Data section –
----------------------------------------

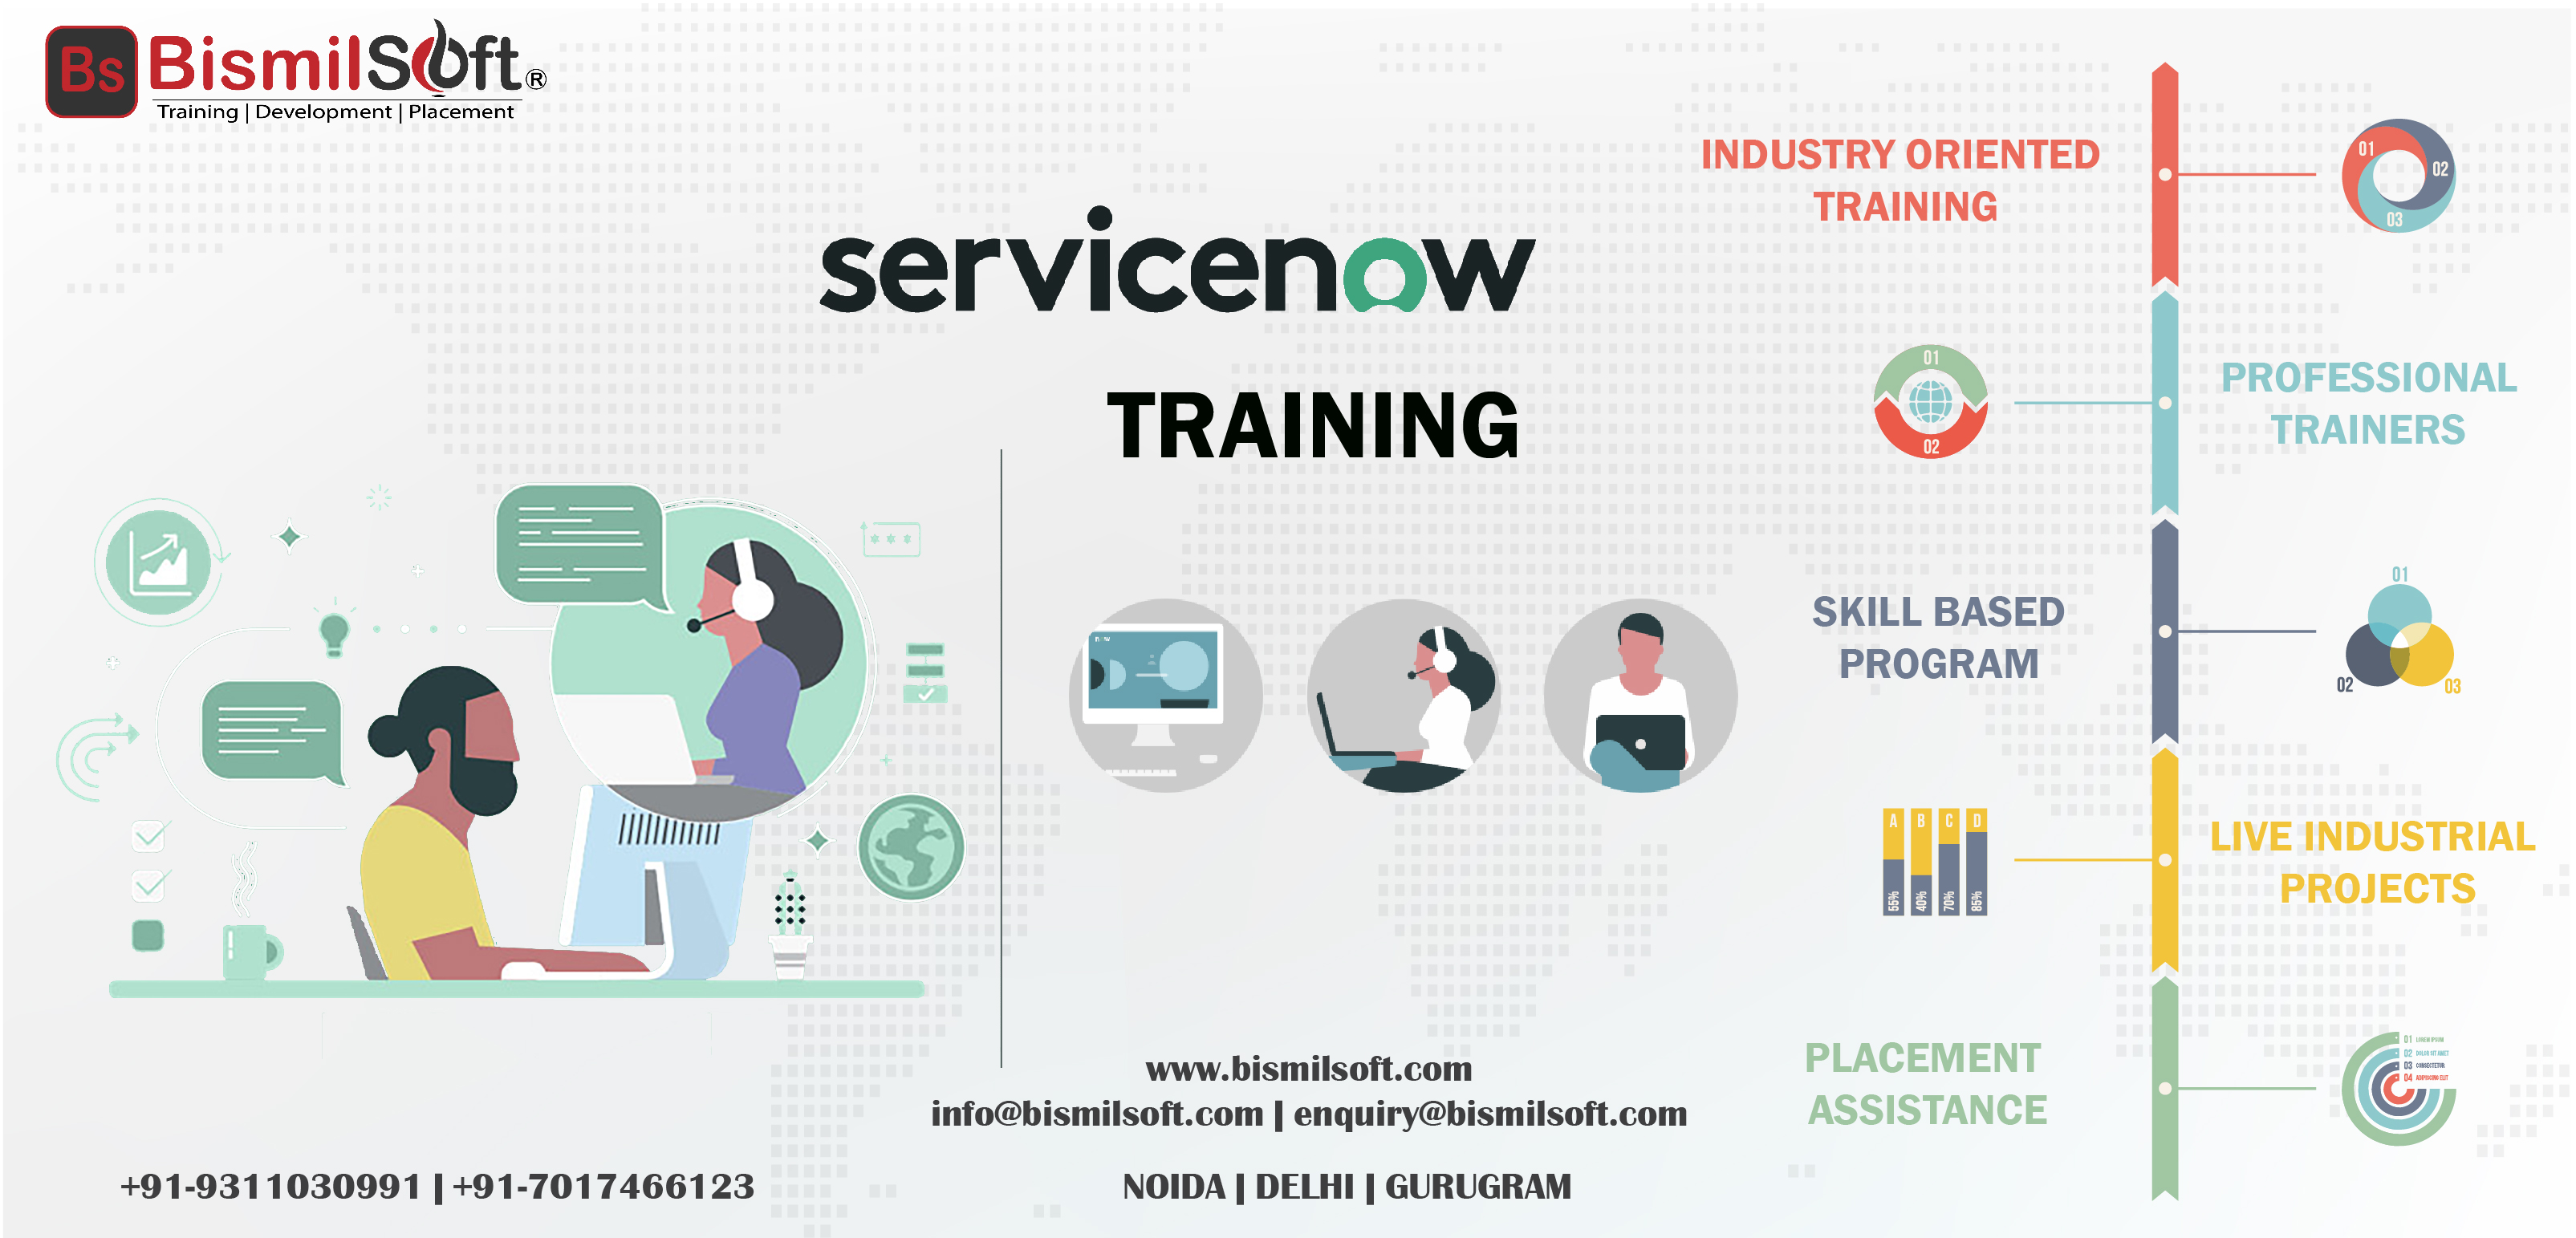 What Is Best Way To Grow Skills With ServiceNow?
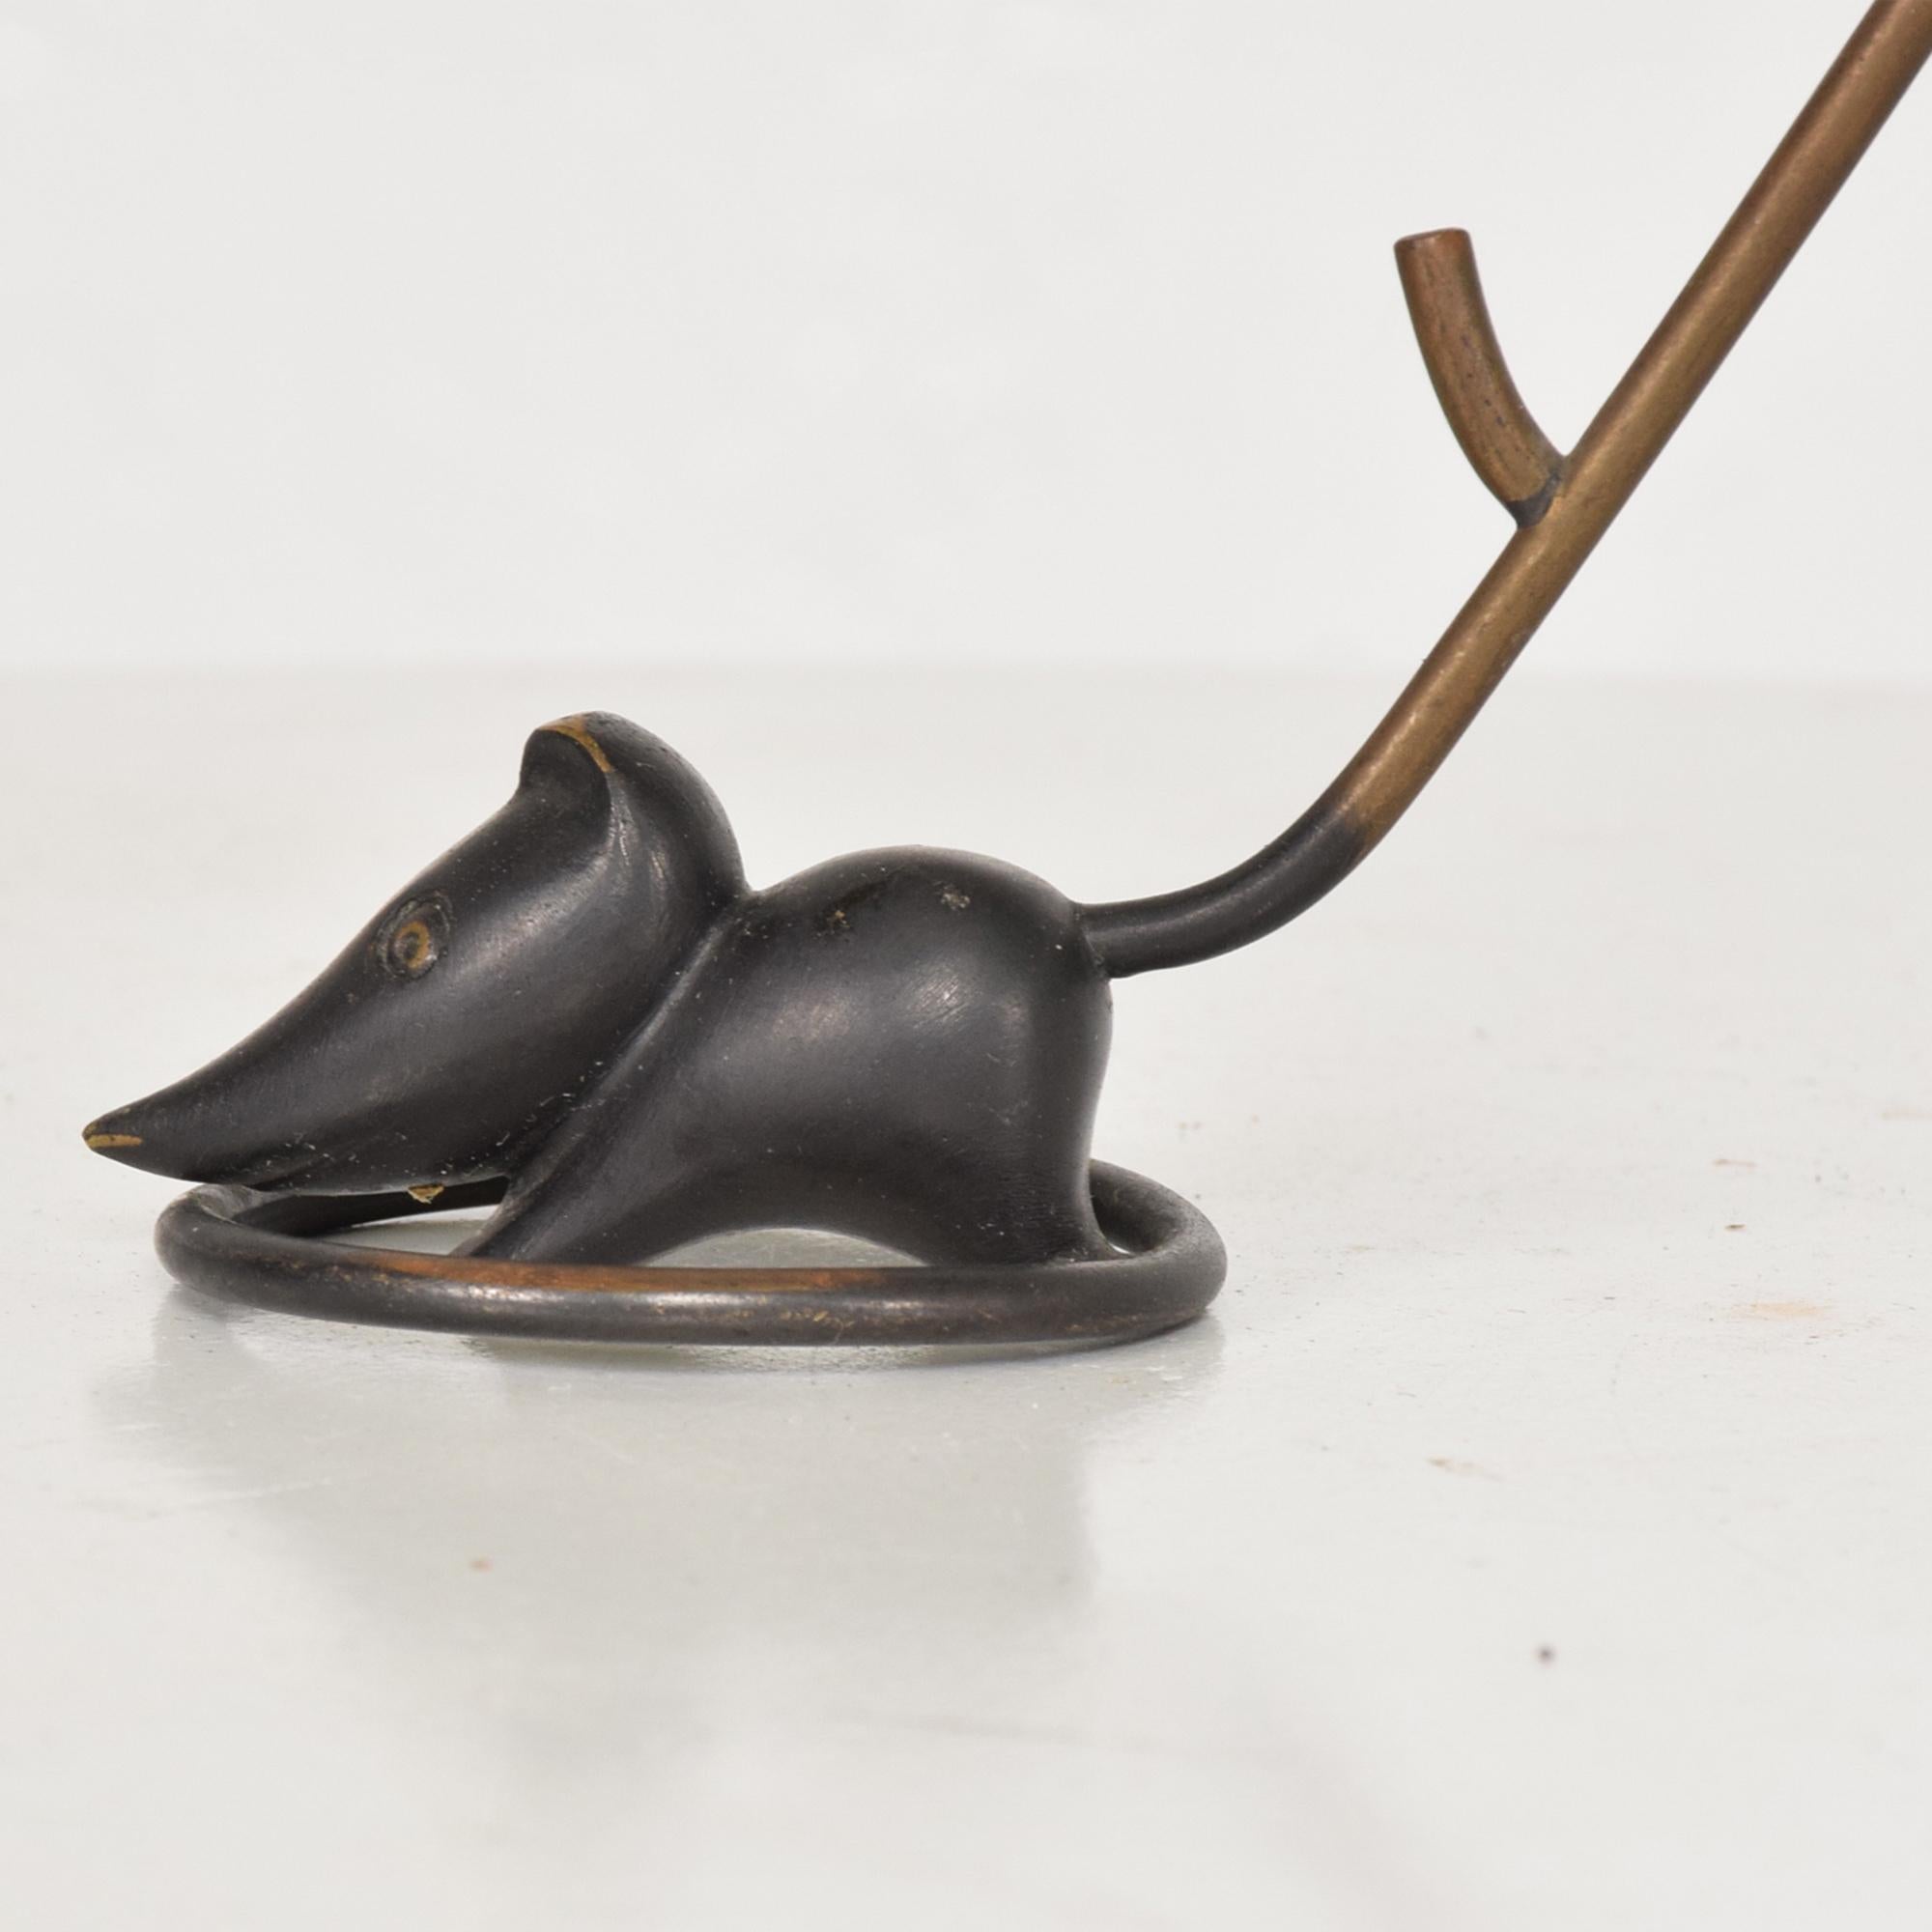 Solid bronze mouse sculpture jewelry ring holder or paperweight by Richard Rohac.
Austrian Modernism 1940s
Signed R.R Richard Rohac Made in Austria
Measures: 8 1/8 H x 3 1/4 L x 5/8 inches wide across the mouse
Original unrestored vintage

----------------------------------------

Return, without any change, only the lines from the one containing "Austrian Modernism 1940s" through the last line of the entries above.

Response to the exercise –
Austrian Modernism 1940s
Signed R.R Richard Rohac Made in Austria
Measures: 8 1/8 H x 3 1/4 L x 5/8 inches wide across the mouse
Original unrestored vintage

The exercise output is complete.